I am trying to produce a figure of a wireframe torus, similar to the image produced by the following code which generates a wireframe sphere at a general "viewing angle":

\documentclass{article}
\usepackage{tikz}
\usetikzlibrary{calc,fadings,decorations.pathreplacing}
%% helper macros

\newcommand\pgfmathsinandcos[3]{%
  \pgfmathsetmacro#1{sin(#3)}%
  \pgfmathsetmacro#2{cos(#3)}%
}
\newcommand\LongitudePlane[3][current plane]{%
  \pgfmathsinandcos\sinEl\cosEl{#2} % elevation
  \pgfmathsinandcos\sint\cost{#3} % azimuth
  \tikzset{#1/.style={cm={\cost,\sint*\sinEl,0,\cosEl,(0,0)}}}
}
\newcommand\LatitudePlane[3][current plane]{%
  \pgfmathsinandcos\sinEl\cosEl{#2} % elevation
  \pgfmathsinandcos\sint\cost{#3} % latitude
  \pgfmathsetmacro\yshift{\cosEl*\sint}
  \tikzset{#1/.style={cm={\cost,0,0,\cost*\sinEl,(0,\yshift)}}} %
}
\newcommand\DrawLongitudeCircle[2][1]{
  \LongitudePlane{\angEl}{#2}
  \tikzset{current plane/.prefix style={scale=#1}}
   % angle of "visibility"
  \pgfmathsetmacro\angVis{atan(sin(#2)*cos(\angEl)/sin(\angEl))} %
  \draw[current plane] (\angVis:1) arc (\angVis:\angVis+180:1);
  \draw[current plane,dashed] (\angVis-180:1) arc (\angVis-180:\angVis:1);
}
\newcommand\DrawLatitudeCircle[2][1]{
  \LatitudePlane{\angEl}{#2}
  \tikzset{current plane/.prefix style={scale=#1}}
  \pgfmathsetmacro\sinVis{sin(#2)/cos(#2)*sin(\angEl)/cos(\angEl)}
  % angle of "visibility"
  \pgfmathsetmacro\angVis{asin(min(1,max(\sinVis,-1)))}
  \draw[current plane] (\angVis:1) arc (\angVis:-\angVis-180:1);
  \draw[current plane,dashed] (180-\angVis:1) arc (180-\angVis:\angVis:1);
}

%% document-wide tikz options and styles

\tikzset{%
  >=latex, % option for nice arrows
  inner sep=0pt,%
  outer sep=2pt,%
  mark coordinate/.style={inner sep=0pt,outer sep=0pt,minimum size=3pt,
    fill=black,circle}%
}

\begin{document}

\begin{tikzpicture} % "THE GLOBE" showcase

\def\R{2.5} % sphere radius
\def\angEl{35} % elevation angle
\filldraw[ball color=blue!40!white!80!green!40!] (0,0) circle (\R);
\foreach \t in {-80,-60,...,80} { \DrawLatitudeCircle[\R]{\t} }
\foreach \t in {-5,-35,...,-175} { \DrawLongitudeCircle[\R]{\t} }

\end{tikzpicture}

\end{document}

enter image description here

This code fragment was taken from part of this texample.net page.
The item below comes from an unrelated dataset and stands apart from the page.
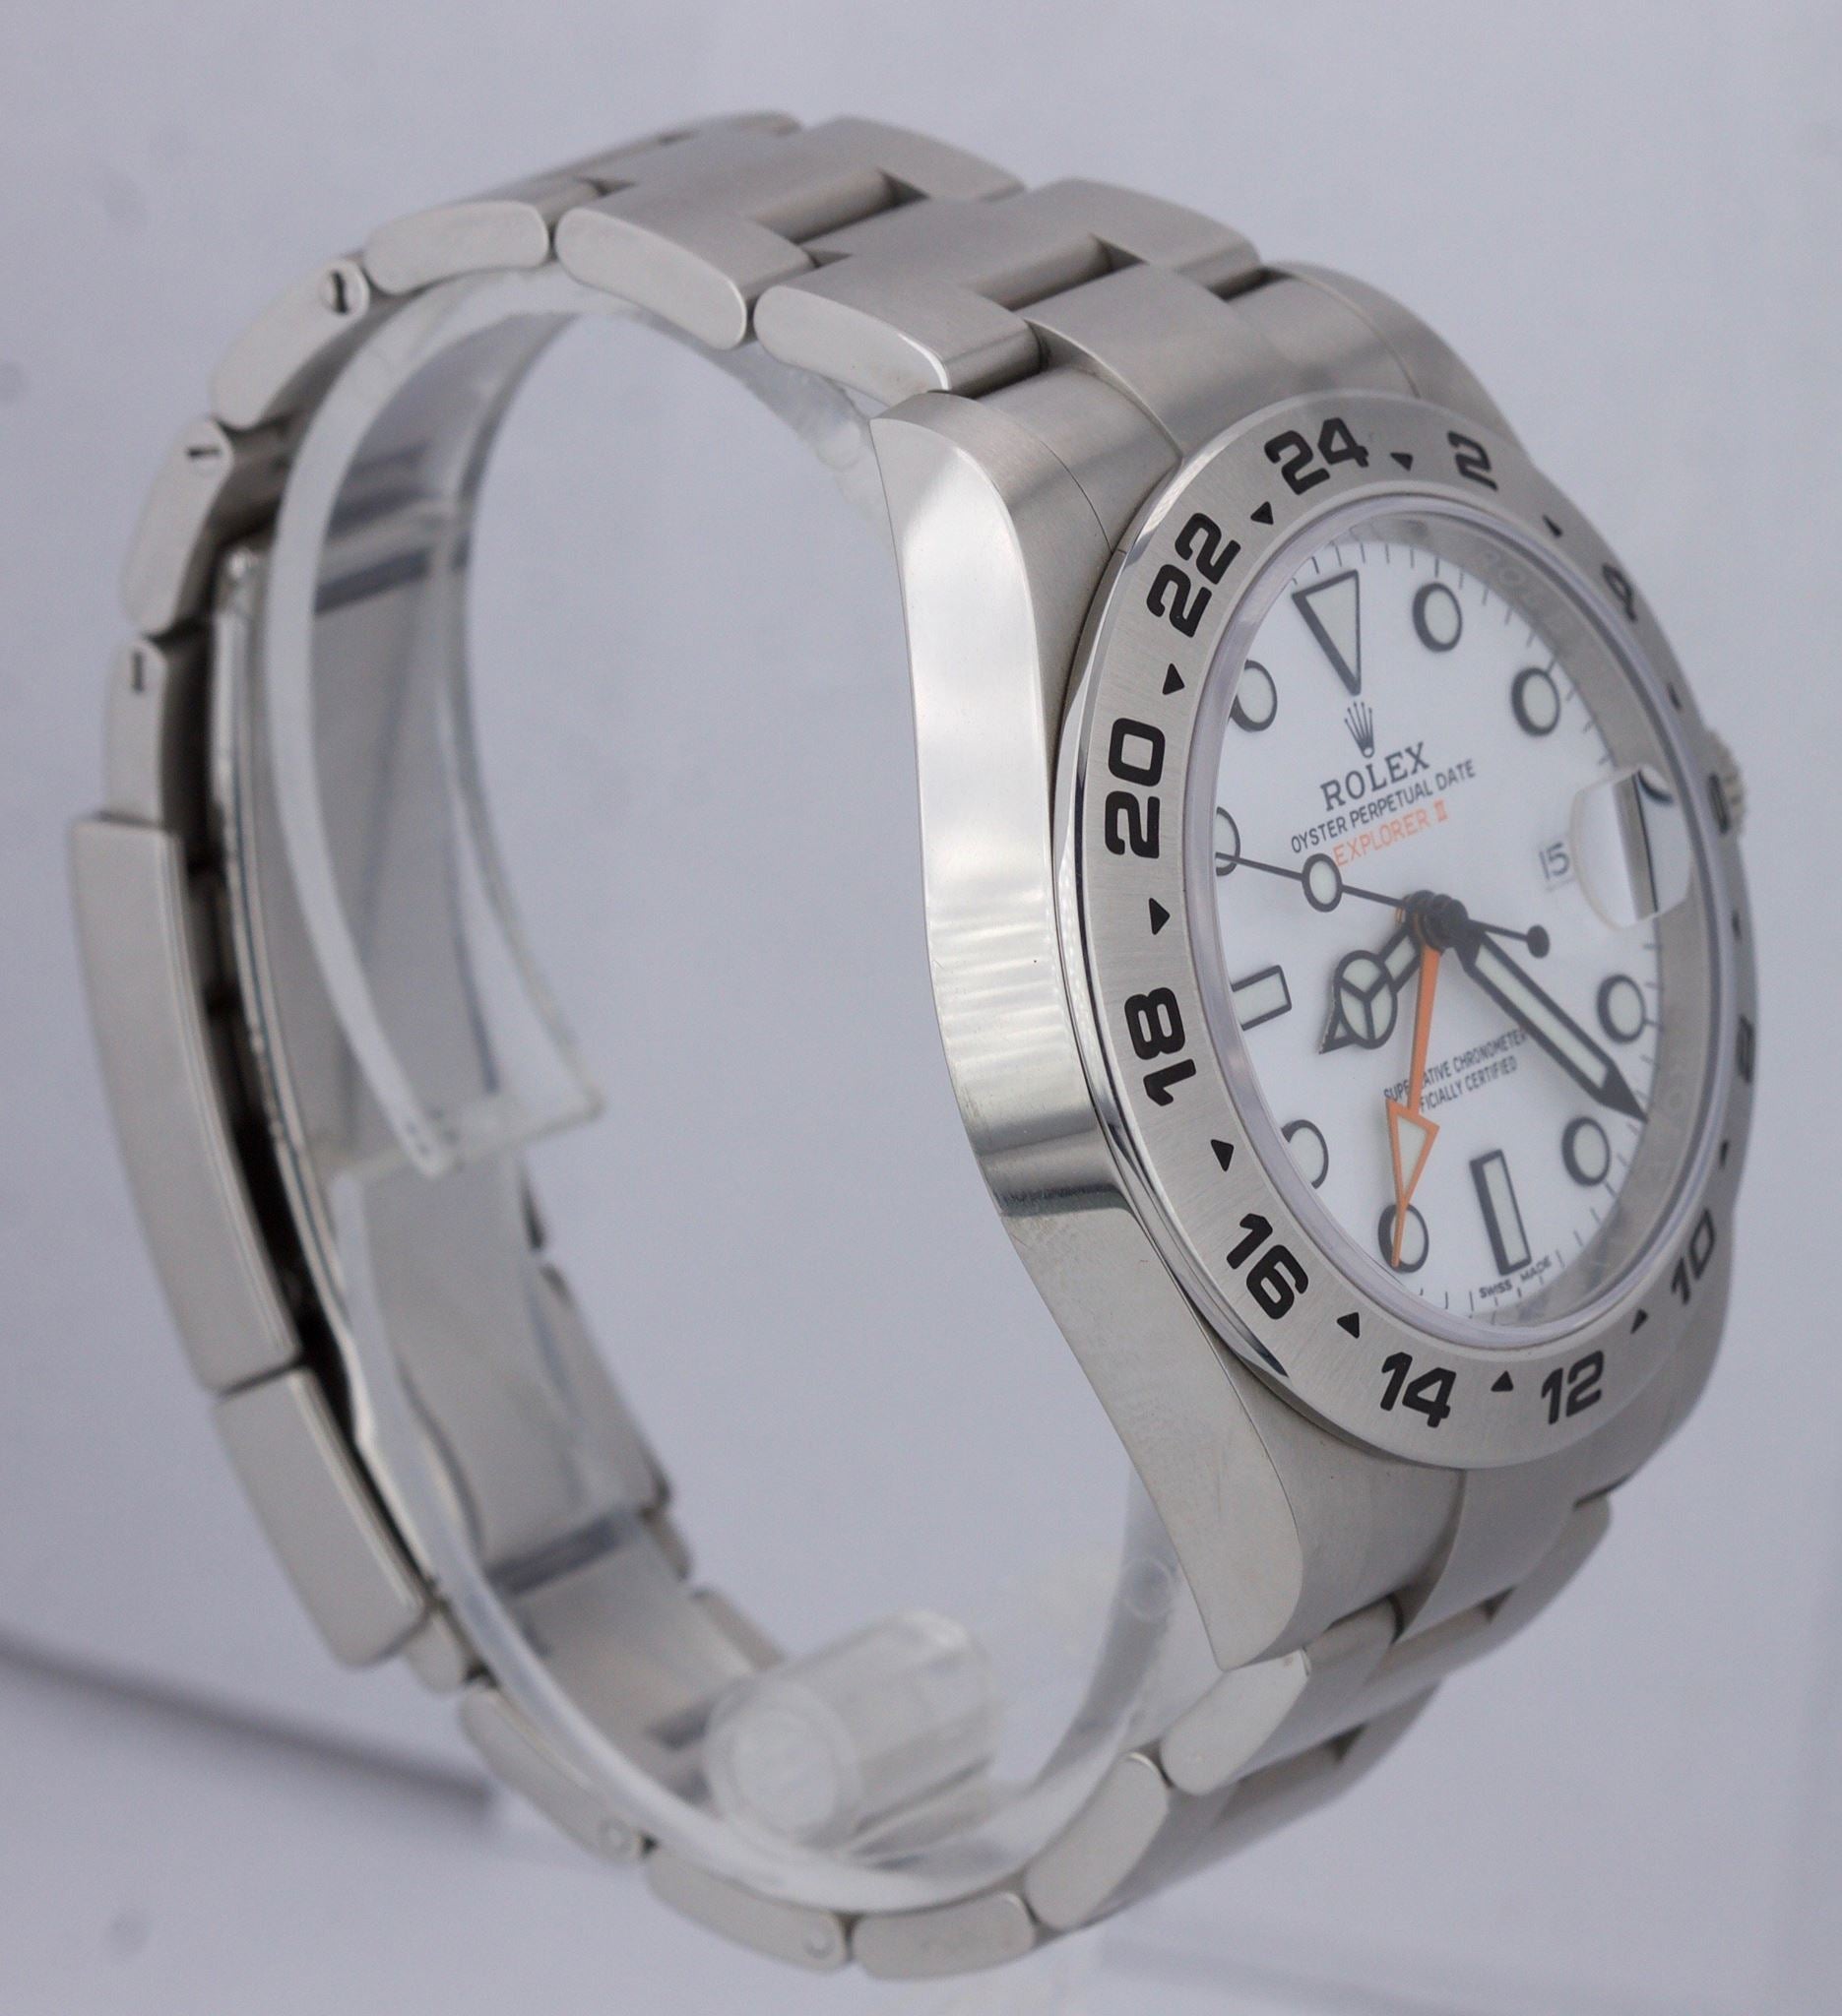 MINT 2018 Rolex Explorer II 42mm 216570 Polar White Orange Steel GMT Date Watch

I'm really quite unsure as to how to approach this problem. Seemingly I would want to parameterize the surface of the torus to draw the "Latitude" and "Longitude" lines, but I am not sure how to do so... Any insight into this problem would be greatly appreciated!

Note that any solution using any packages outsize TikZ/pgf are welcome.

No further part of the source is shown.